Или может? Просто внимание её направлено на кого-то другого?
- И как долго ты служил при…инфанте?
Поделиться52025-07-11 01:53:14
Дон Диего давно уже не удивлялся вопросам Монсеррат, какими бы странными они ни были. Ей было девять или десять, когда он начал чувствовать себя рядом с ней дурачком — но виду, конечно, не подавал, оберегая свой родительский авторитет даже несмотря на то, что ответы на его вопросы у него давно закончились. Вот и сейчас герцог не удивился интересу Монсеррат к его прошлому. Пожалуй, это было даже ожидаемо при их занятии, да и ответы на эти вопросы у него, слава богу, имелись, пусть он и не мог рассказать дочери всё.
— Первое время я был чашником Фердинанда, — спокойно отозвался Диего. — А потом… сложно сказать, мы с ним почти не расставались. И я был всем, кем он хотел меня видеть. Вместе пили, вместе охотились, я помогал одеваться… — и раздеваться.
Многолетняя дружба покойного короля Фердинанда с доном Диего не была тайной ни для кого, как и тот факт, что сблизились они достаточно быстро. Секретом была лишь причина, по которой в едва стукнувшие восемнадцать Диего вдруг на долгих восемь лет покинул двор — покинул стремительно, одним днём, с чёрным от горя лицом. Сам Фердинанд отрицал опалу и утверждал, что Диего был и остаётся желанным гостем, что и подтвердилось годами спустя, когда Диего вернулся в Альтамиру с женой и детьми: Фердинанд радушно принял его, а через несколько месяцев, короновавшись и войдя в курс дел, объявил своим валидо.
— Двор инфанта называли “весёлым” и не без причины, — дон Диего рассмеялся, и негромкий смех его был раскатистым, бархатистым. — Там не творилось ничего из того, о чём следовало бы знать или хотя бы догадываться юной донне вроде тебя. Мы были молоды и горячи, в головах у нас был ветер и придурь. Почти все боролись за расположение будущего короля в поисках выгоды для себя, своих семей и земель. Самыми разными способами. Полагаю, эта часть придворной жизни тебе хорошо знакома? До государственных дел едва ли кого-то пускали. На то был старый король и его двор.
Герцог окинул взглядом головой письмо и снова посмотрел на Монсеррат. Он мнил, что хорошо знает своих детей, а потому был уверен, что за расположение королевы Софии его дочь едва ли борется — ей это попросту не интересно, как и ему в своё время не были интересны политические дрязги; поначалу он пытался выжить при весёлом дворе инфанта Фердинанда, а потом, обнаружив в своём сердце чувство новое, ранее неизведанное, стремился к тогда ещё инфанту телом и душой — к нему самому, а не его высокому статусу и власти.

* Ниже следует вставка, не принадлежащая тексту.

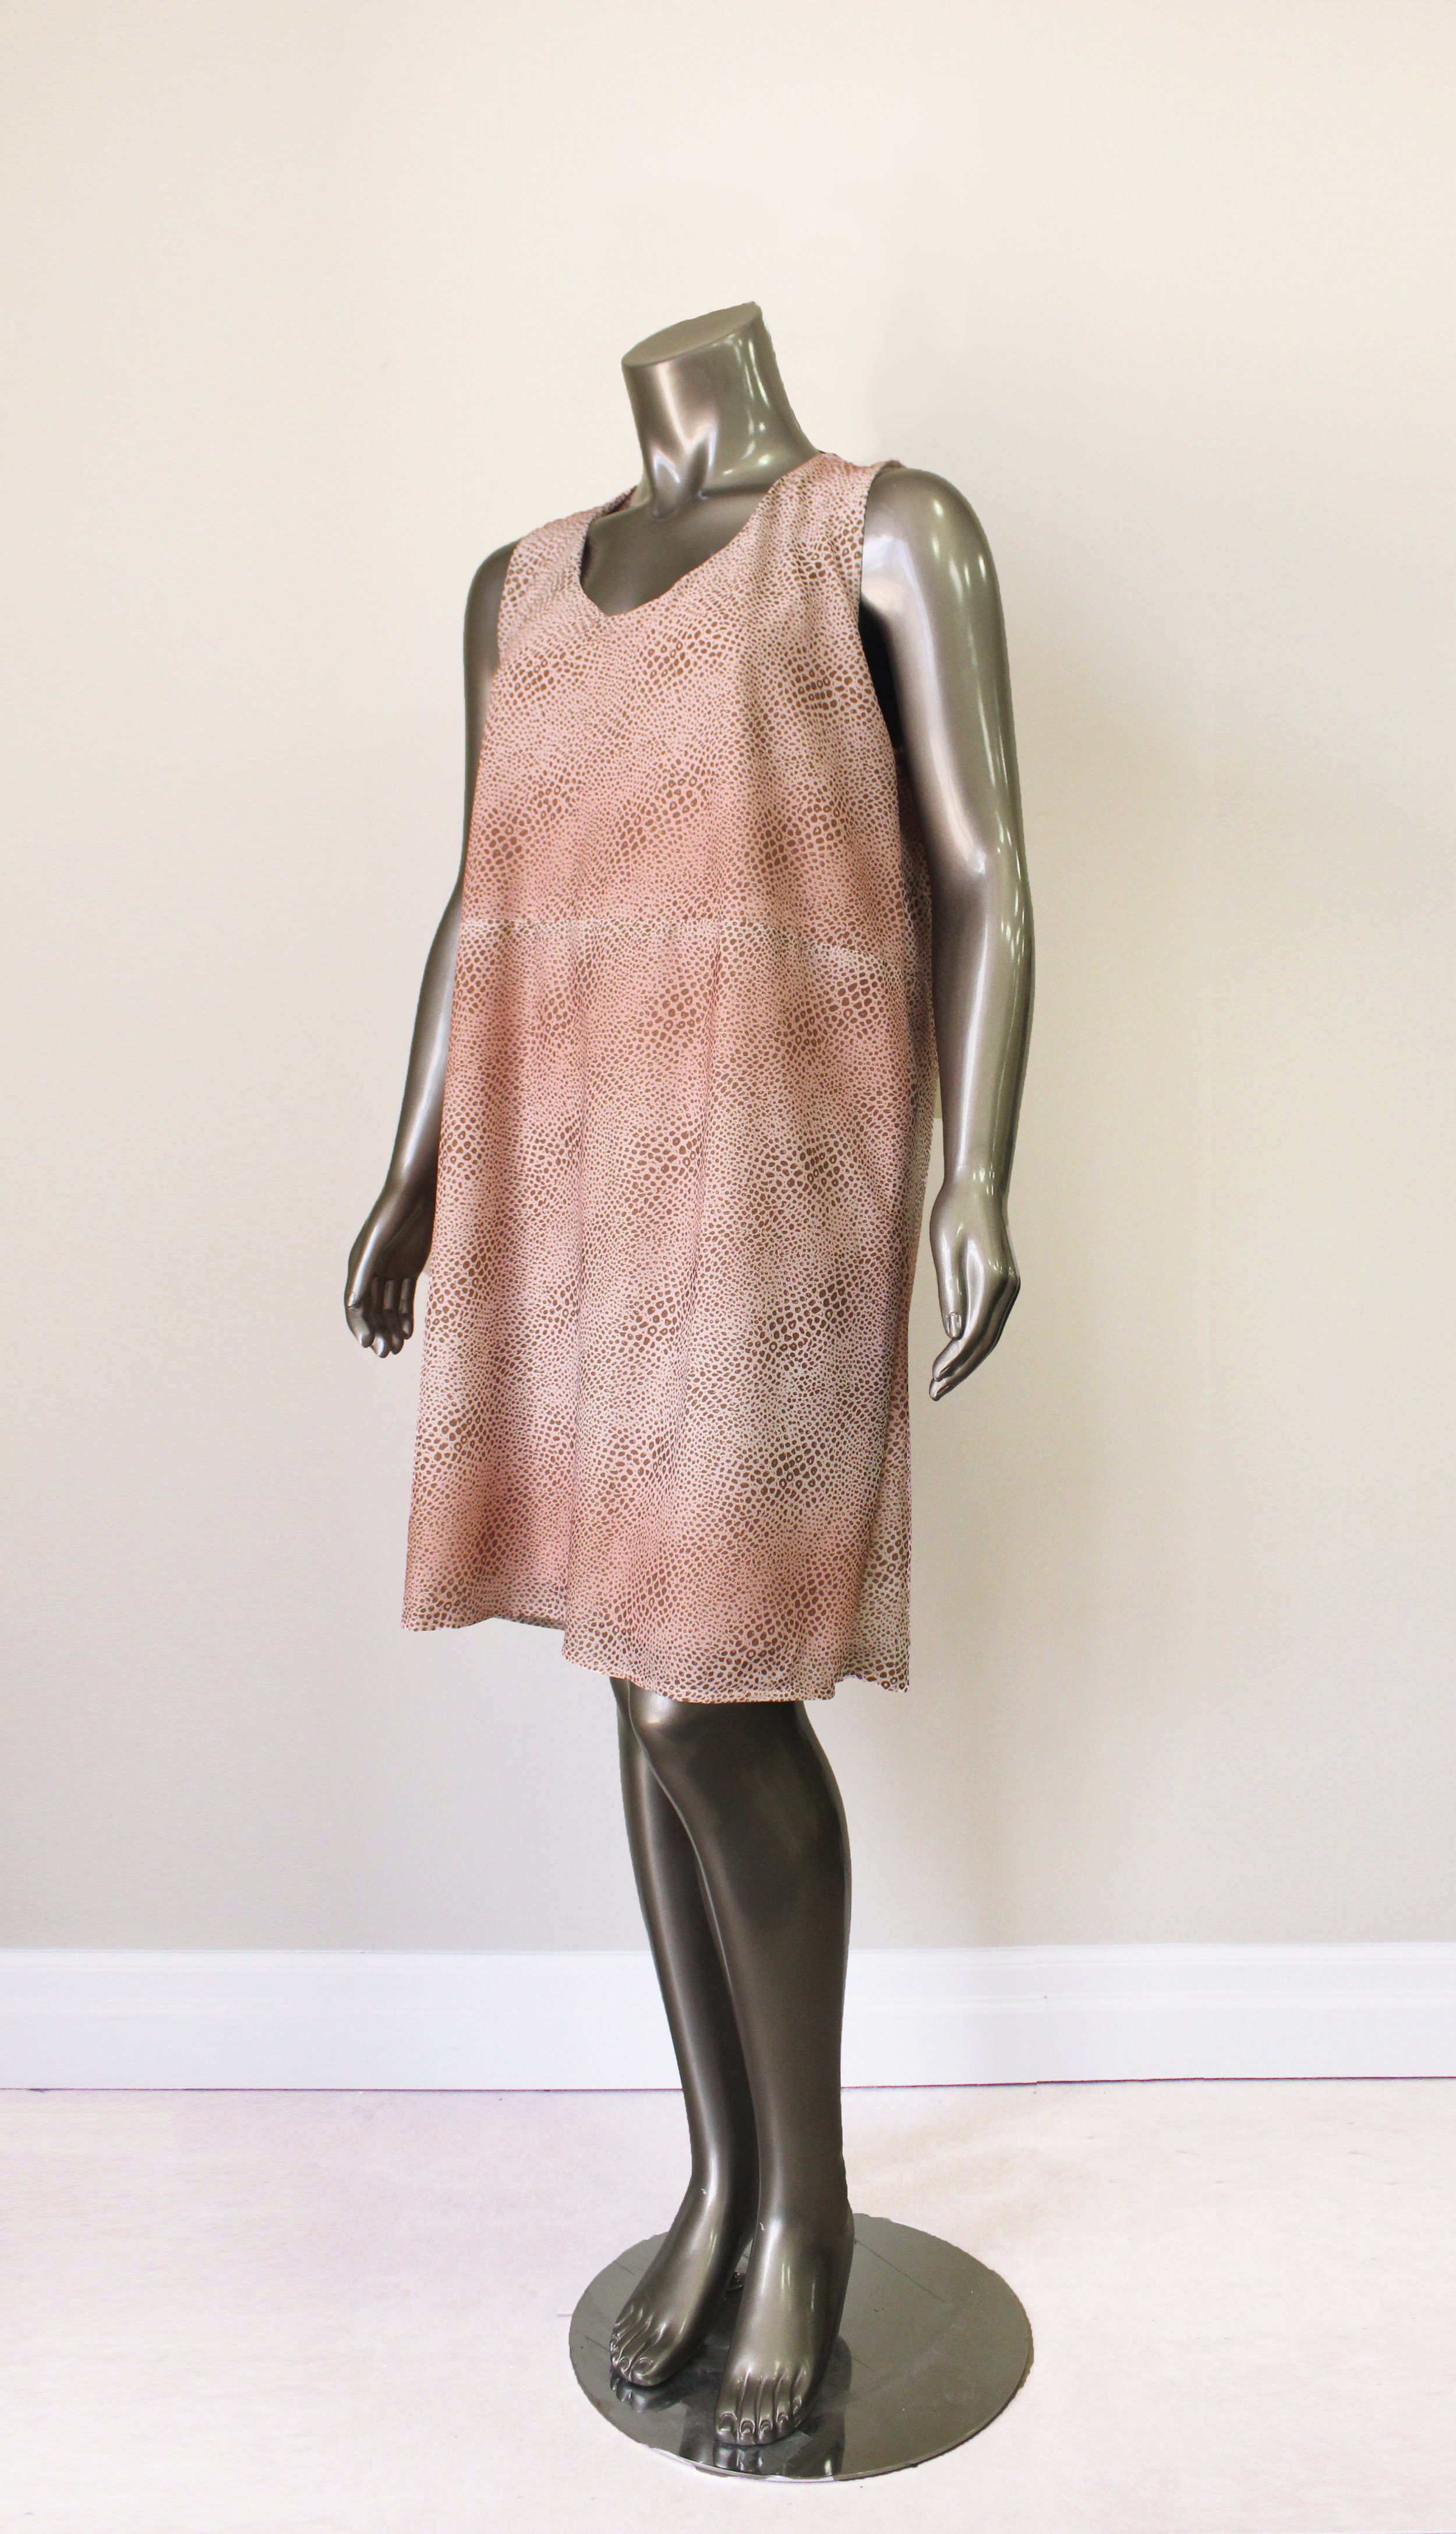 Pink Animal Print Dress - $88CAD

У Монсеррат же не было нужды включаться в гонку за непременное расположении инфанты Лауры или королевы Софии. Она и без того была дочерью человека, в чьих руках была реальная власть. После смерти короля Фердинанда управлял Кастилией именно Диего.

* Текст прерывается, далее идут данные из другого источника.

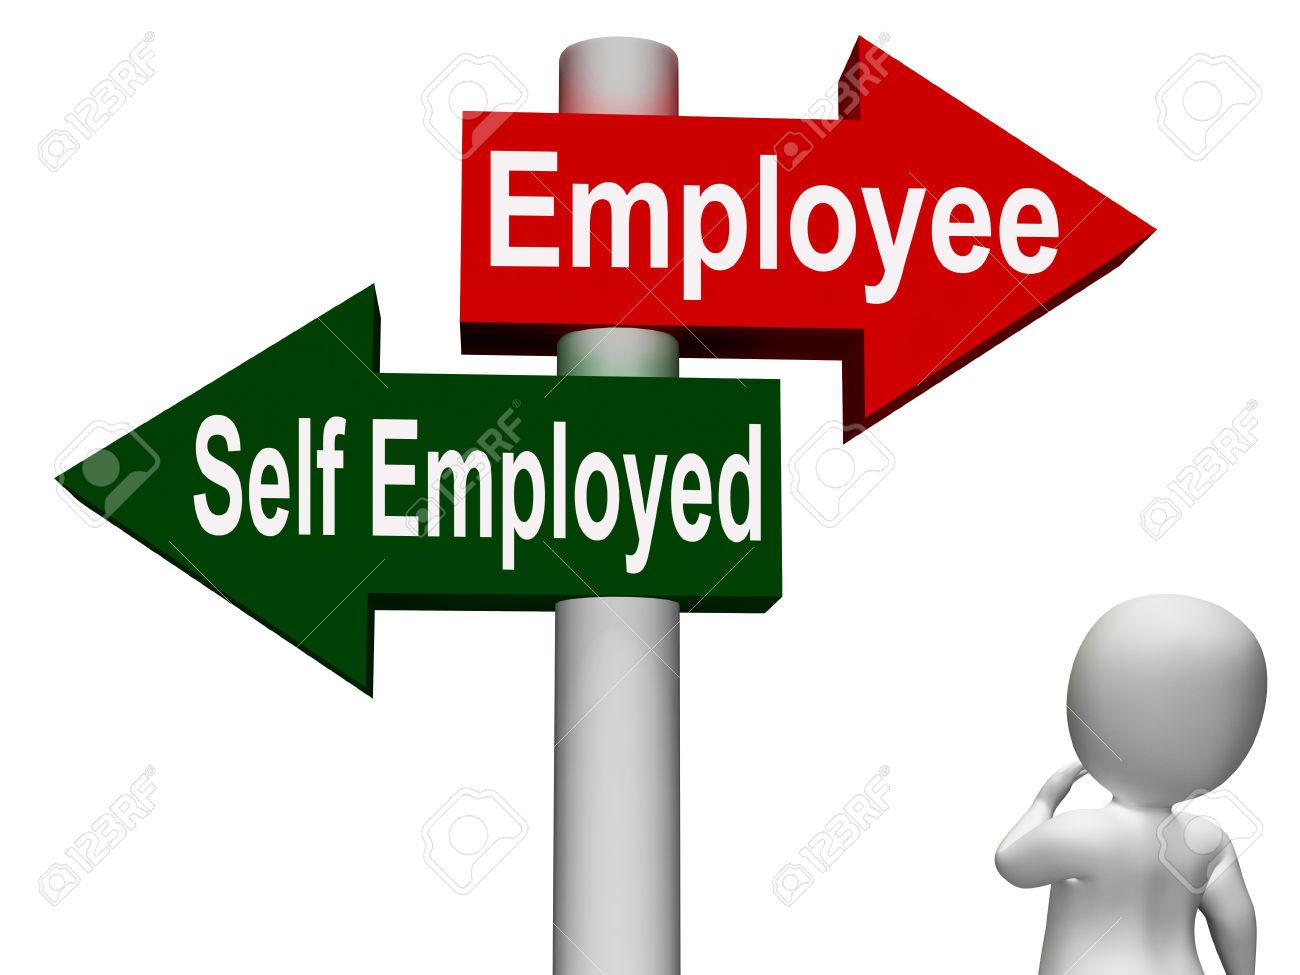 Employee Self Employed Signpost Meaning Choose Career Job Choice.

— Я был при нём все четыре года, — убедившись, что чернила высохли, дон Диего скрутил письмо в трубочку. Надо будет передать его во дворец, остальным пусть сами занимаются. У него и без того дел невпроворот — накопились за все те девятнадцать лет, в течение которых он с почти мальчишеской удалью избегал соприкосновения с прошлым, предпочитая жить настоящим и думать о будущем. — И потом, когда вернулся в Альтамиру, как валидо служил ему до самой смерти, — он снова улыбнулся Монсеррат. — Почему ты спрашиваешь?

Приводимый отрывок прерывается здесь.